Novel techniques and resources influencing our understanding of the pathogenesis of BPD

The lung is a complex structure, consisting of a wide variety of cells and processes that play a vital role in lung maturation and adaptation. However, most genomic and proteomic studies use bulk measurements from whole lung tissue to evaluate perinatal lung development, thus limiting insight into the interactions and purpose of individual cells [109]. Single cell RNA-seq (scRNA-seq) allows transcriptomic mapping of individual cells to understand cellular heterogeneity and responses in complex biological systems [110]. Using scRNA profiling, we can identify varied pulmonary cell lines during perinatal development, and provide information on genes, processes, and cell–cell interactions that regulate pulmonary structure and function at birth [111]. In a recent study, Guo et al. utilized scRNA-seq on post-natal day 1 mouse lung with developmental RNA profiles obtained from whole lung tissue, to understand the complexity of cellular adaptation of the lung to air breathing at the time of birth.
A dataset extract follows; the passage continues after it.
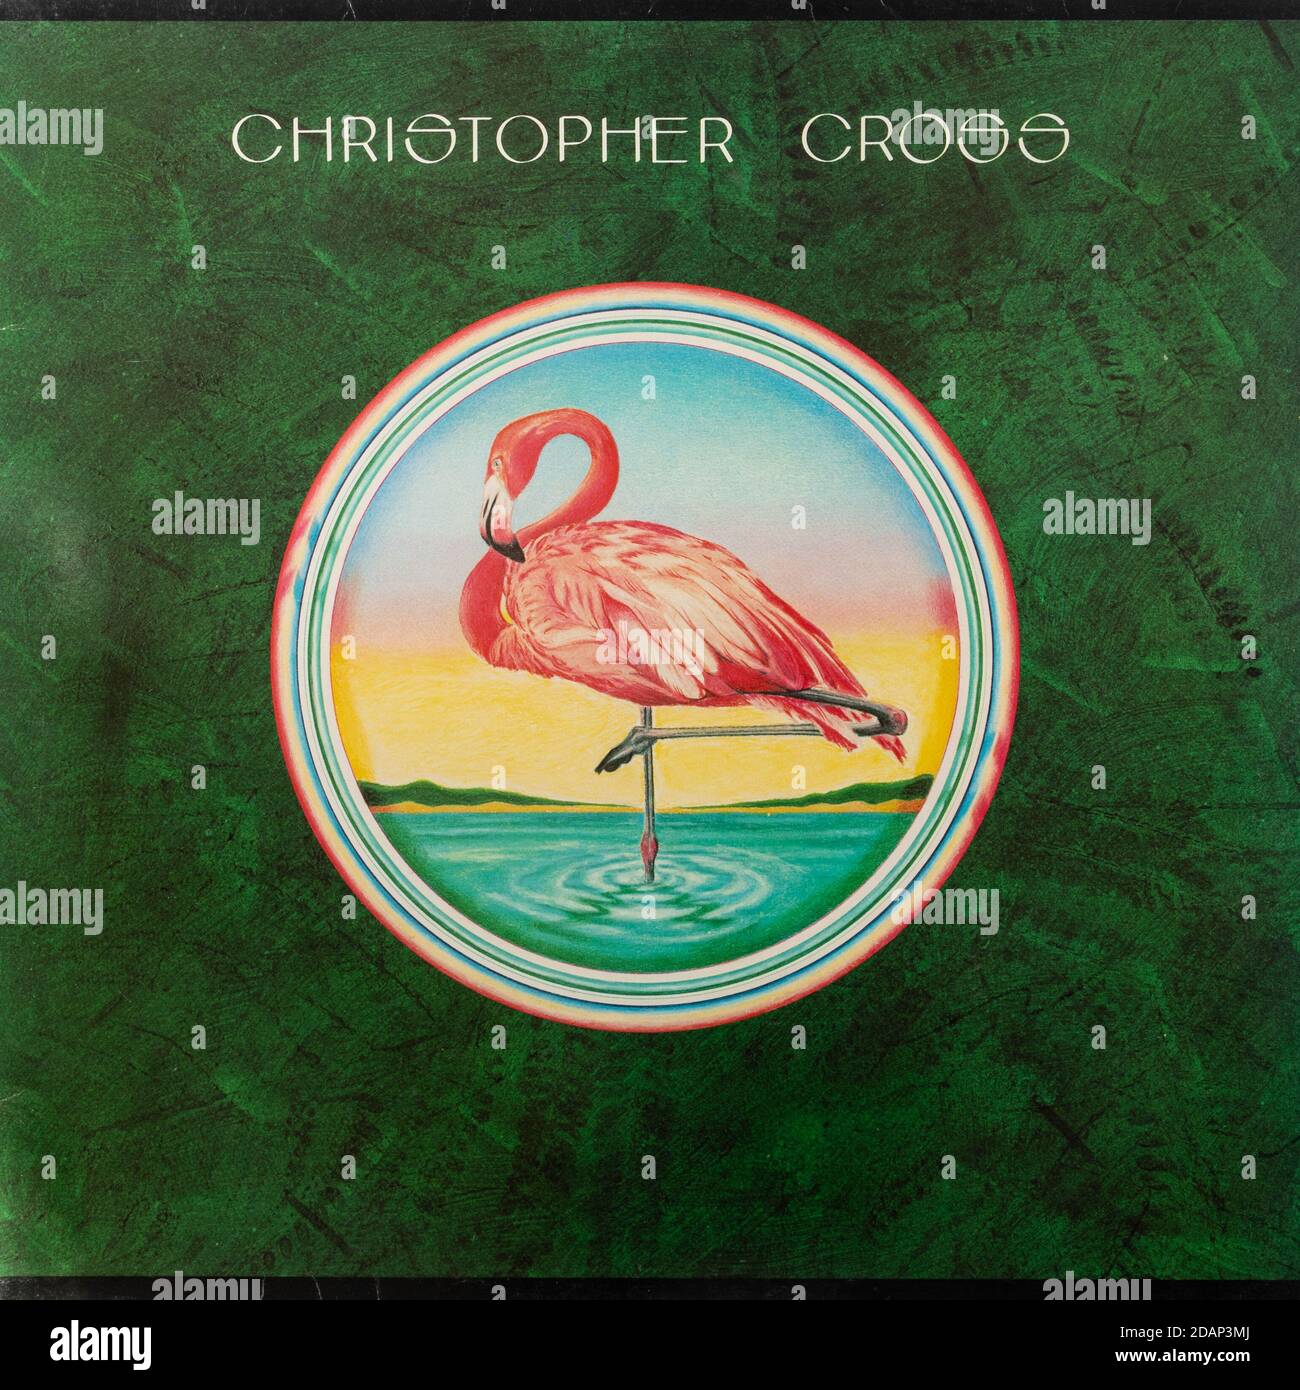 Christopher Cross debut album of the American singer songwriter, vinyl LP record cover Stock Photo

To facilitate the inquiry and re-utilization of their data, the authors also developed a web application, named “single cells of Lung At Birth” (scLAB), that allows query by gene of interest, cell type, or dynamic gene expression patterns during mouse lung development and is freely accessible [111].
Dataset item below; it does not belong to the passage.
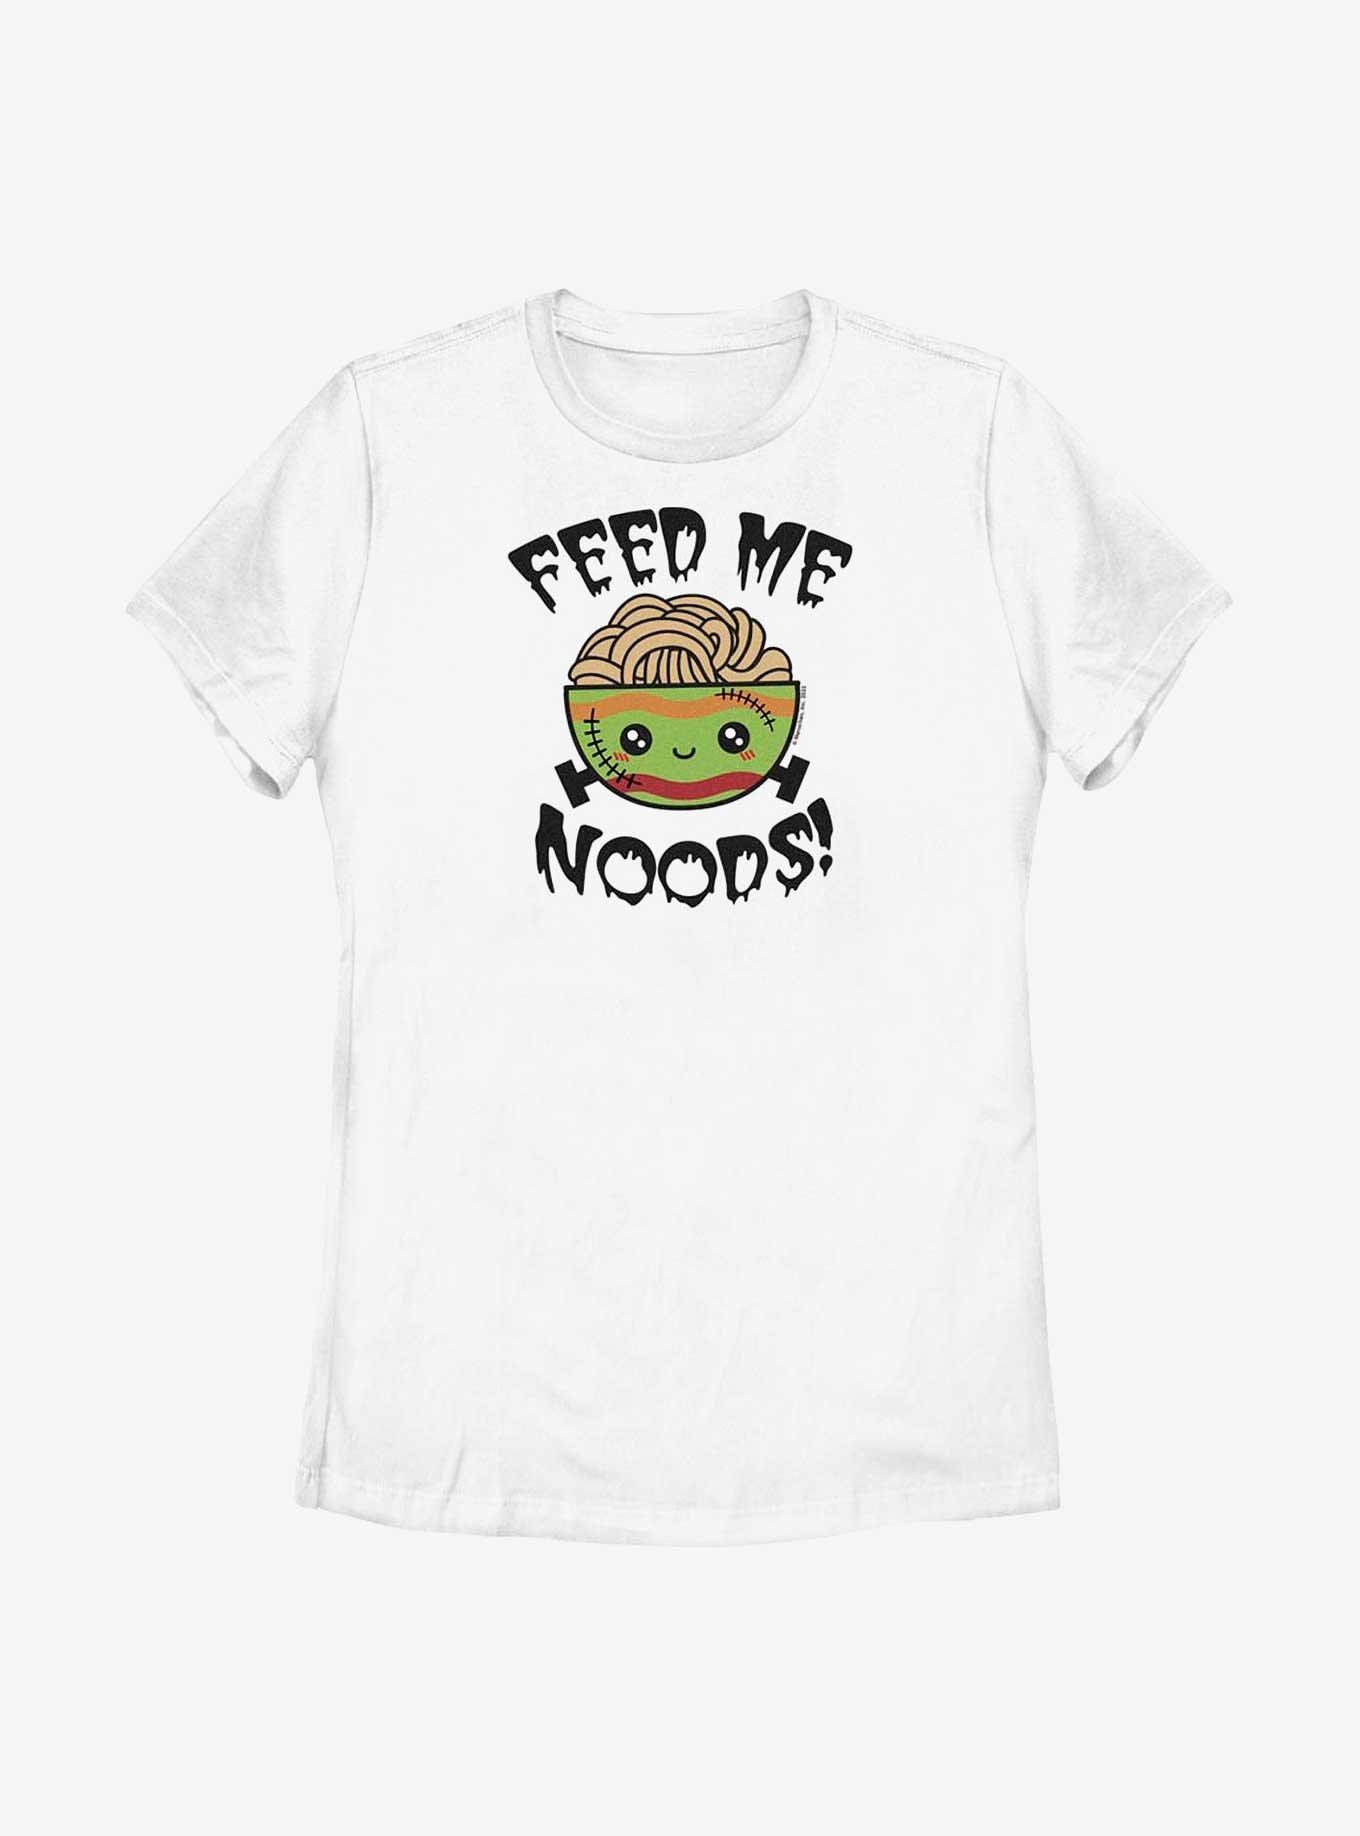 Maruchan Feed Me Noods Womens T-Shirt, WHITE, hi-res

Another great resource for investigators is LungMAP (https://www.lungmap.net/) that includes a variety of a searchable databases that address transcriptomics, proteomics, and lipidomics, as well as includes an image database [112]. As part of the LungMAP consortium, a facility has now been developed that also provides tissue and cells from developing human lungs to investigators, through the Biorepository for Investigation of Neonatal Diseases of the Lung [10]. In a recent study, researchers utilized the interactive Dynamic Regulatory Events Miner (iDREM) method to reconstruct a dynamic model, that identifies the grouping of genes during the development of lung into transcription factors, miRs, and methylation events that regulate them. They also developed an interactive tool that allows users to query, and obtain information on specific genes, miRs, regulators, etc., and enables them to integrate other types of data, like single-cell and sorted-cell RNA-Seq data with the model. This interactive model revealed both genes and functions involved in alveolar development and identified new roles for several transcription factors and miRs in regulating various stages of this process [113].

Conclusions

The pathogenesis of BPD involves a multifactorial pathway where lung injury occurs over time with hyperoxia and IMV in the setting of preexisting prenatal determinants, leading to dysregulated immune responses and aberrant tissue repair in preterm infants. This leads to impaired alveolarization and vascular development. Continued research has provided insight into various pathways involved in pathogenesis of BPD. Recent literature has focused on the role of oxidative stress-related genes, growth factor signaling, miRs, ECM modeling, and modulation of inflammation. A more robust understanding of the mechanistic contribution of miRs in regulating aberrant alveolarization and vascular development in BPD has provided means for a tantalizing new therapeutic pathway in BPD research. We hope future research in investigating the molecular mechanisms in BPD will ultimately help develop targeted therapeutic strategies for this devastating disease.